Data records:
---*---

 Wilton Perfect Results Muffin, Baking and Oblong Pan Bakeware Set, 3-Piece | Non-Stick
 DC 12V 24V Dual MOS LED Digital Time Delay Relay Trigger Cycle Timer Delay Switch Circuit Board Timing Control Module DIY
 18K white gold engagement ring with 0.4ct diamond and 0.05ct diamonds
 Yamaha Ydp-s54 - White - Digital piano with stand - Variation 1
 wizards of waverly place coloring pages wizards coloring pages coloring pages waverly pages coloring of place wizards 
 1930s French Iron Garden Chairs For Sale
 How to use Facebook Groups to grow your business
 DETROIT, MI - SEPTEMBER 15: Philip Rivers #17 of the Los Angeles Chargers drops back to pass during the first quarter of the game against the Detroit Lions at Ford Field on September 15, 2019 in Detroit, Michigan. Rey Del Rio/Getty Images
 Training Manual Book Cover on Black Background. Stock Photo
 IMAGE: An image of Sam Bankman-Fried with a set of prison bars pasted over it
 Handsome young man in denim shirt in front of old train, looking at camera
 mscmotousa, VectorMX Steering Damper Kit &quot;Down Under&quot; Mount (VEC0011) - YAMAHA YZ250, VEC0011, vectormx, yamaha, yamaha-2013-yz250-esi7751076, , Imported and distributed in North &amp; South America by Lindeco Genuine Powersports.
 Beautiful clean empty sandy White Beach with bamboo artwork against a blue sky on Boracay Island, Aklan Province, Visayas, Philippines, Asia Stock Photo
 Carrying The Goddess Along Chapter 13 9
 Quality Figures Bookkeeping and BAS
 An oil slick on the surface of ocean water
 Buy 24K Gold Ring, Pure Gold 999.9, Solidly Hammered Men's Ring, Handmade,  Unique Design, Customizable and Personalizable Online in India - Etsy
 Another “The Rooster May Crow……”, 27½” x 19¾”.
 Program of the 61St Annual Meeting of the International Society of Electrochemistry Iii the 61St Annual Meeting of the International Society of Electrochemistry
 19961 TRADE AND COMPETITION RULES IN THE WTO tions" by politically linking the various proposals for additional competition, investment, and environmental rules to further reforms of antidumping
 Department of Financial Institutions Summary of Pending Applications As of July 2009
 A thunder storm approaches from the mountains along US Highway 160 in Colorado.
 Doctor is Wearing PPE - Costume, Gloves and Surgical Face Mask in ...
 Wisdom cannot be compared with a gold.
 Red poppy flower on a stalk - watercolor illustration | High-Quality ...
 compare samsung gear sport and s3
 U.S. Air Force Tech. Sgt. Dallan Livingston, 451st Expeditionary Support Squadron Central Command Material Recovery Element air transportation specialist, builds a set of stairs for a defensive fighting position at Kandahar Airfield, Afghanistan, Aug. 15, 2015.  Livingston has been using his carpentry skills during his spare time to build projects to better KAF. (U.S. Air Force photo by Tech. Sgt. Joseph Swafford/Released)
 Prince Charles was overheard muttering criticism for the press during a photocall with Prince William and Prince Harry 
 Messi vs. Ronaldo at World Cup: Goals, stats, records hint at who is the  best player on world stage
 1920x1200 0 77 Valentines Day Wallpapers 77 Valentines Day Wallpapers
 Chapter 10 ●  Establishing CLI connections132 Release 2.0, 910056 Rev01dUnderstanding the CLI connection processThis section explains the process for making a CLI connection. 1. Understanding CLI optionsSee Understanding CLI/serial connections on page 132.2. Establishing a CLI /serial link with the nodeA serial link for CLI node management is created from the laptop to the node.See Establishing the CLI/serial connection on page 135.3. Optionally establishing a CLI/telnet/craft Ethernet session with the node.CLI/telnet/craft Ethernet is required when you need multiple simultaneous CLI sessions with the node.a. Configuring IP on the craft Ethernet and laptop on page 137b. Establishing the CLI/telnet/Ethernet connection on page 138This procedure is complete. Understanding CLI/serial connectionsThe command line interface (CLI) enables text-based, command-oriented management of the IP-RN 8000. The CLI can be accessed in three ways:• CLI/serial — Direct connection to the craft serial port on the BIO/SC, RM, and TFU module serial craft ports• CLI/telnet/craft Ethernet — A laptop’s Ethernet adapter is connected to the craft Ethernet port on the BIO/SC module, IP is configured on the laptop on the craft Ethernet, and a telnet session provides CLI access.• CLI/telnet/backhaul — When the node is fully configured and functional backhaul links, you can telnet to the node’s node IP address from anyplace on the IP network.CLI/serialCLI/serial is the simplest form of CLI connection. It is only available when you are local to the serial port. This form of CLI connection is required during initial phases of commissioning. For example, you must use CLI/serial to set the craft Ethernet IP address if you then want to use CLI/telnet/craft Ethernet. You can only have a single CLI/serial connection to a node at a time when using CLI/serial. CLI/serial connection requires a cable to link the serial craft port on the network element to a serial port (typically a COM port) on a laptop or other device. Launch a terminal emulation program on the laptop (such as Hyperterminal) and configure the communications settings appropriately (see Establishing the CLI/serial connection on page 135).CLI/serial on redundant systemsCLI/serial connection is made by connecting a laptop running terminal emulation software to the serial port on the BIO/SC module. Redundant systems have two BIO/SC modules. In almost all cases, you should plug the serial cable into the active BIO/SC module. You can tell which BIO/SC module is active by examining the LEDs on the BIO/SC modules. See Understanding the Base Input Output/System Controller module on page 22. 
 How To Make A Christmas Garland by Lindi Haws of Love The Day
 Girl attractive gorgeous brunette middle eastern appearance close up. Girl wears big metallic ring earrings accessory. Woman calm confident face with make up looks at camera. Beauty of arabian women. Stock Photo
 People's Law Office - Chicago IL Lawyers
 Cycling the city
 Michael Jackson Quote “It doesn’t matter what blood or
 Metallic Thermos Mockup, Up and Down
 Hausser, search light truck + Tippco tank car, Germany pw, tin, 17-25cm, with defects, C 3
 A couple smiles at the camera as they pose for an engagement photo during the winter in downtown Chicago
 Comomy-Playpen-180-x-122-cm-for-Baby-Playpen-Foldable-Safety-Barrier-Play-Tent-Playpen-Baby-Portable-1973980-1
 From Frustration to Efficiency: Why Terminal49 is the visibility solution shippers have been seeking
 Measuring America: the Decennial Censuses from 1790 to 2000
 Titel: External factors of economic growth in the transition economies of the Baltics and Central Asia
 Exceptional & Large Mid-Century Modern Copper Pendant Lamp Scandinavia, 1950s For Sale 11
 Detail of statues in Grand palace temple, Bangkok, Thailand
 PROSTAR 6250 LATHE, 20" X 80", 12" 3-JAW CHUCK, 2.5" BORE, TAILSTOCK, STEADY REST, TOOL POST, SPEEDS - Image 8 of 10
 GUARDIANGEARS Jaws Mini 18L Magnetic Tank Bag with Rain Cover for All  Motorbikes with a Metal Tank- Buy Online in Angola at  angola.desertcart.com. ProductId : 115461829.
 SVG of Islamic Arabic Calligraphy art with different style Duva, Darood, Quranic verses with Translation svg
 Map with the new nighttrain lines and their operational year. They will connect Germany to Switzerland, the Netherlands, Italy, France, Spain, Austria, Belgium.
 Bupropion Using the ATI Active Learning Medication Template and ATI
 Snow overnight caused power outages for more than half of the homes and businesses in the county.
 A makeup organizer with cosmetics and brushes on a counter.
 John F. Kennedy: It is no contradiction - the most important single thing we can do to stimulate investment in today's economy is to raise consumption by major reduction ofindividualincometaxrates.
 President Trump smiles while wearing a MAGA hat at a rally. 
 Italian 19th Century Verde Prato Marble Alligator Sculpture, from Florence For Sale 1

---*---

## Task brief
In the entries, find every line holding "smiles" and copy it.

## Solution to the exercise
 A couple smiles at the camera as they pose for an engagement photo during the winter in downtown Chicago
 President Trump smiles while wearing a MAGA hat at a rally. 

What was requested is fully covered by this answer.